Mulligan T, Iranmanesh A, Veldhuis J D
Geriatrics and Extended Care Service Line, McGuire Veterans Affairs Medical Center, Richmond, Virginia 23249, USA.
J Clin Endocrinol Metab. 2001 Nov;86(11):5547-53. doi: 10.1210/jcem.86.11.8004.

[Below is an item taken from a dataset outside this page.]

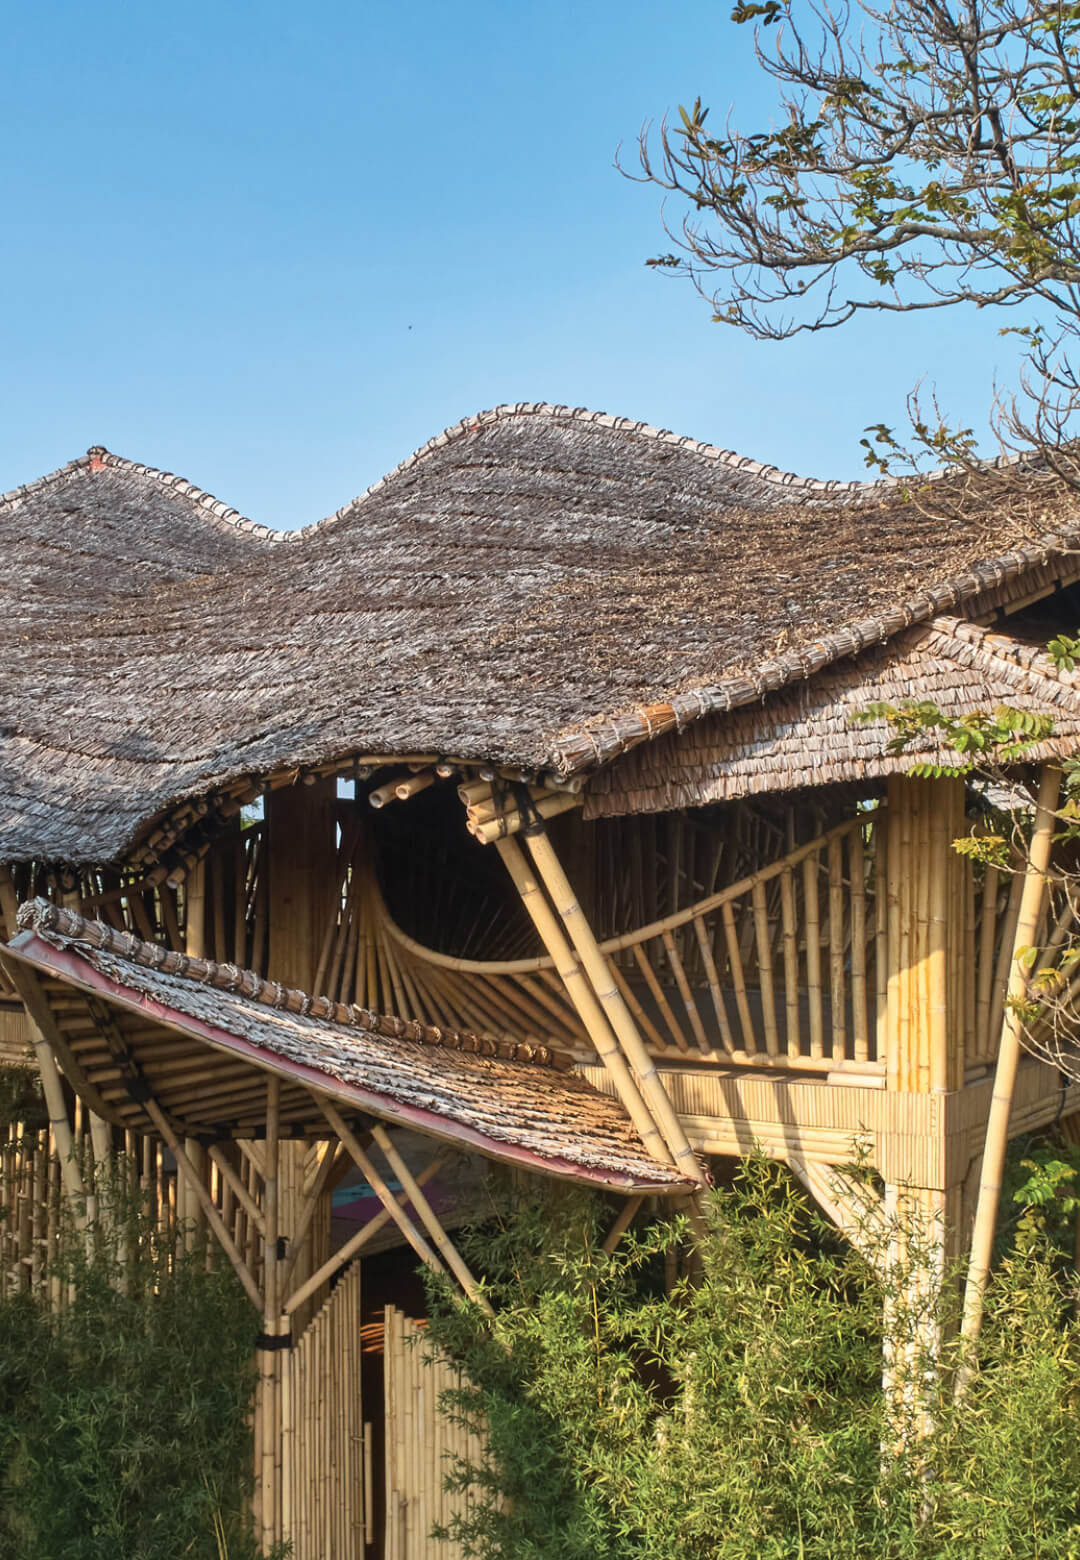 The artisan workshop and Kujang hall at Piyandeling | Piyandeling | Realrich Architecture Workshop (RAW) | STIRworld

The present investigation tests the clinical hypothesis that Leydig-cell responsiveness to pulsatile and midphysiological LH drive is impaired in older men. To this end, we implemented a novel clinical investigative paradigm consisting of preadministration of an LH-down-regulating dose (3.75 mg) of leuprolide acetate followed, 3-4 wk later, by controlled challenge of the testis, with pulsatile iv infusions of saline vs. recombinant human (rh) LH. Based on a preliminary dose-finding experiment, we evaluated LH action in 8 young (ages, 18-25 yr) and 7 older (ages, 60-85 yr) volunteers by infusing eight consecutive 6-min squarewave pulses of saline or 50 IU rhLH iv every 2 h. Analyses were carried out 48 or 72 h apart in a prospective, randomly assigned, double-blind, within-subject cross-over design. Serum concentrations of T (RIA) and LH (immunoradiometric assay) were measured in blood sampled every 10 min concurrently. Leuprolide injection suppressed pre-LH-infusion (0800 h baseline) serum T concentrations (pooled mean +/- SEM) markedly in both age groups (P < 10(-3)); namely, to 40 +/- 20 ng/dl (young) and 12 +/- 3.1 ng/dl (older; P < 0.05 vs. young) (to convert to nM, multiply by 0.0347). Successive iv pulses of rhLH stimulated T output, over time, to an asymptotic maximum of 166 +/- 42 ng/dl in young men (P = 0.0008 vs. saline) and 57 +/- 9.8 ng/dl in older subjects (P = NS vs. saline, and P < 0.05 vs. young). Further regression analyses identified significant reductions of both the initial rate and maximum of the time-dependent incremental rise in LH-driven serum T concentrations in older men. In contrast, infused serum LH concentrations, distribution volumes, and calculated LH half-lives were comparable in the two age cohorts. We conclude that older men manifest both a delayed initial and reduced maximal serum T concentration rise compared with young men exposed to identical controlled midphysiological pulsatile LH drive.
老年男性睾丸间质细胞对脉冲式及接近生理水平的促黄体生成素(LH)驱动的反应性受损。为此,我们实施了一种新的临床研究模式,即先给予醋酸亮丙瑞林3.75mg的LH下调剂量,3至4周后,通过对睾丸进行对照激发,静脉内脉冲输注生理盐水与重组人(rh)LH。基于一项初步的剂量探索实验,我们通过每2小时静脉内输注8个连续的6分钟方波脉冲生理盐水或50IU rhLH,评估了8名年轻志愿者(年龄18 - 25岁)和7名老年志愿者(年龄60 - 85岁)的LH作用。分析在48或72小时间隔进行,采用前瞻性、随机分配、双盲、受试者内交叉设计。每10分钟同时采集血样,测定血清睾酮(T,放射免疫分析法)和LH(免疫放射分析法)浓度。亮丙瑞林注射显著抑制了两个年龄组LH输注前(0800h基线)的血清T浓度(合并均值±标准误)(P < 10⁻³);即,年轻组降至40±±20ng/dl,老年组降至12±3.1ng/dl (老年组与年轻组相比P < 0.05)(如需换算为nM,乘以0.0347)。随着时间推移,连续静脉内注射rhLH刺激了T的分泌,年轻男性最终达到渐近最大值166±42ng/dl(与生理盐水相比P = 0.0008),老年受试者为57±9.8ng/dl(与生理盐水相比P =无显著性差异,与年轻组相比P < 0.05)。进一步的回归分析发现,老年男性LH驱动的血清T浓度随时间增加的初始速率和最大值均显著降低。相比之下,两个年龄组输注的血清LH浓度、分布容积和计算得出的LH半衰期相当。我们得出结论,与接受相同的接近生理水平的脉冲式LH驱动的年轻男性相比,老年男性血清T浓度升高的初始反应延迟且最大值降低。